Duas mensagens principais: só quem é competente pode ser independente e, por outro lado, não faz sentido falar em conflitos de interesse, em temas como o Novo Banco ou o Banif, porque não foi o Governo – leia-se, o ministro das Finanças – quem tomou as decisões (de resolução, venda ou outras) que marcaram essas instituições: foi o Banco de Portugal. Em pouco mais de um tweet, pode resumir-se assim a mensagem que Mário Centeno quis passar na audição parlamentar que foi vista como pouco mais do que uma formalidade no caminho até à liderança do Banco de Portugal. Isto embora o partido Iniciativa Liberal tenha atirado uma pedra para esse caminho: uma providência cautelar.

Depois de ler uma declaração inicial a velocidade supersónica, como quem tem pressa de ser nomeado governador, Centeno sublinhou: “Sinto-me qualificado, motivado e apoiado para estas funções” – isto apesar de quase todos os partidos lhe terem dito, na cara, que não consideravam que Centeno deveria, por ter sido ministro das Finanças tão recentemente, ser a pessoa escolhida para o cargo.

O PSD foi o primeiro partido a dizer que Centeno não “preenche as condições para exercer com independência e credibilidade” o cargo de próximo governador do Banco de Portugal. E, mais tarde, o mesmo deputado, Duarte Pacheco, viria a apontar o que considera ser uma incongruência fundamental na posição de Centeno em todo este processo: por um lado, puxa dos galões dizendo que o Governo onde teve papel de destaque foi determinante para estabilizar o setor bancário a partir de 2016 mas, por outro lado, desvaloriza a sua intervenção – a de Centeno – em processos que continuam sem solução total, como a resolução do BES e venda do Novo Banco, a resolução do Banif e venda da operação ao Santander: “Não foi o Governo que vendeu o Novo Banco nem resolveu o Banif. Foi o Banco de Portugal“.

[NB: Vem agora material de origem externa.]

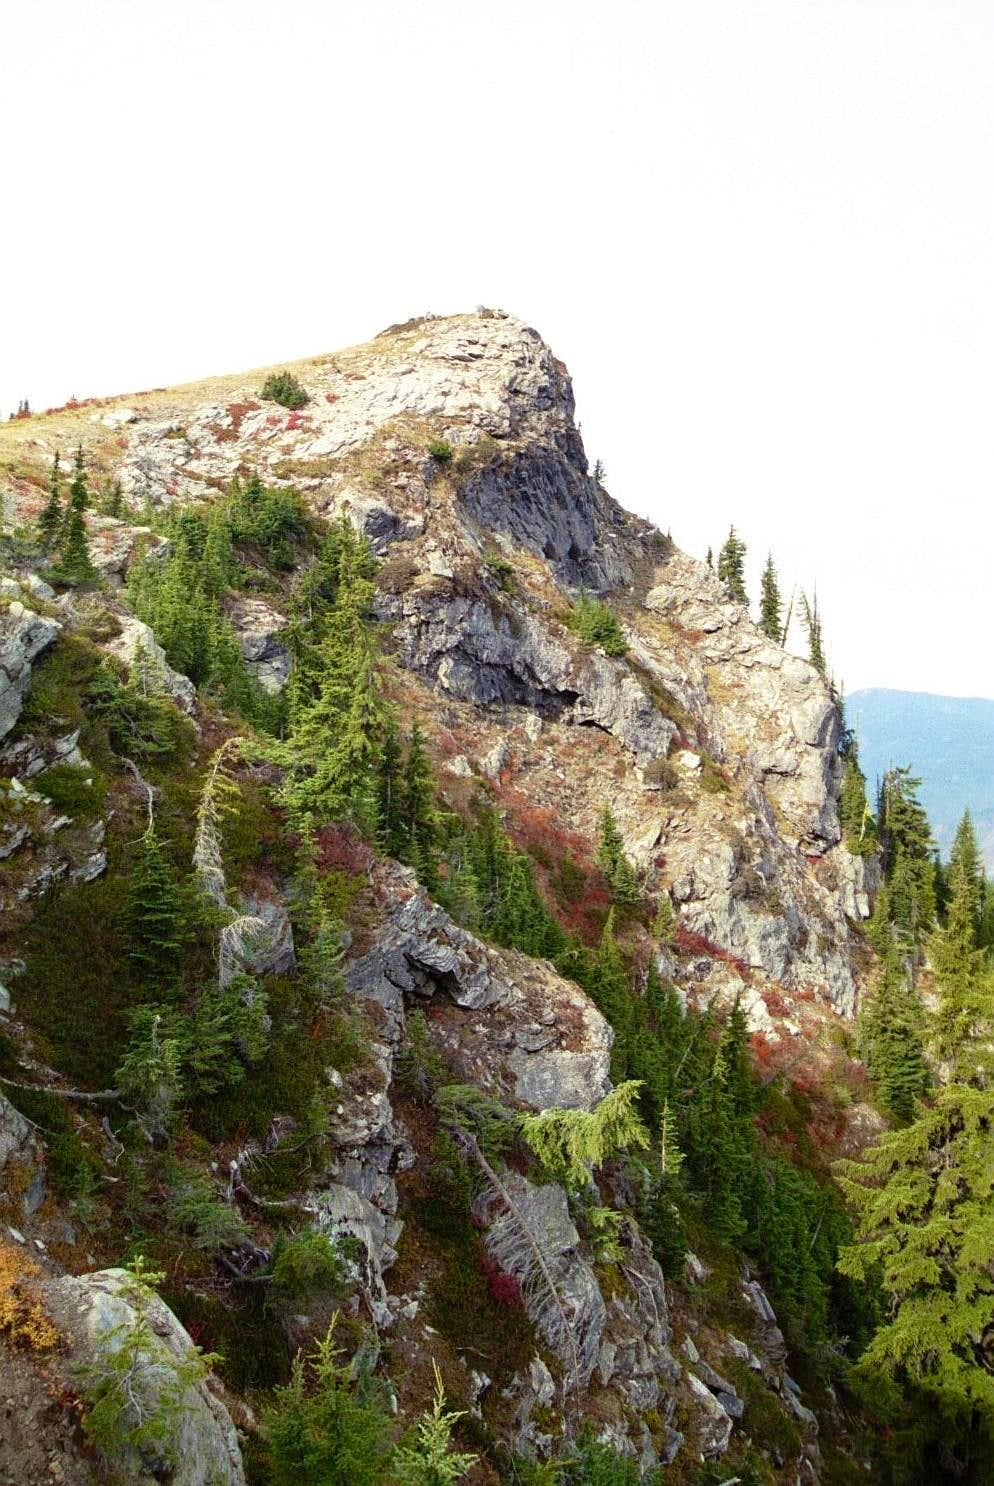 North Face of Larkins Peak

É com este tipo de argumentação que Mário Centeno diz não ver razões para pedir escusa, caso seja nomeado, quando estes temas forem tratados no Banco de Portugal. Seja como for, disse Centeno, numa das frases mais icónicas desta audição parlamentar: por ter sido ex-ministro das Finanças e presidente do Eurogrupo, teve uma influência ou um conhecimento direto sobre uma enormidade tão grande de temas que, se falássemos em conflitos de interesse desta forma, “não arranjava emprego em Portugal nas próximas décadas“.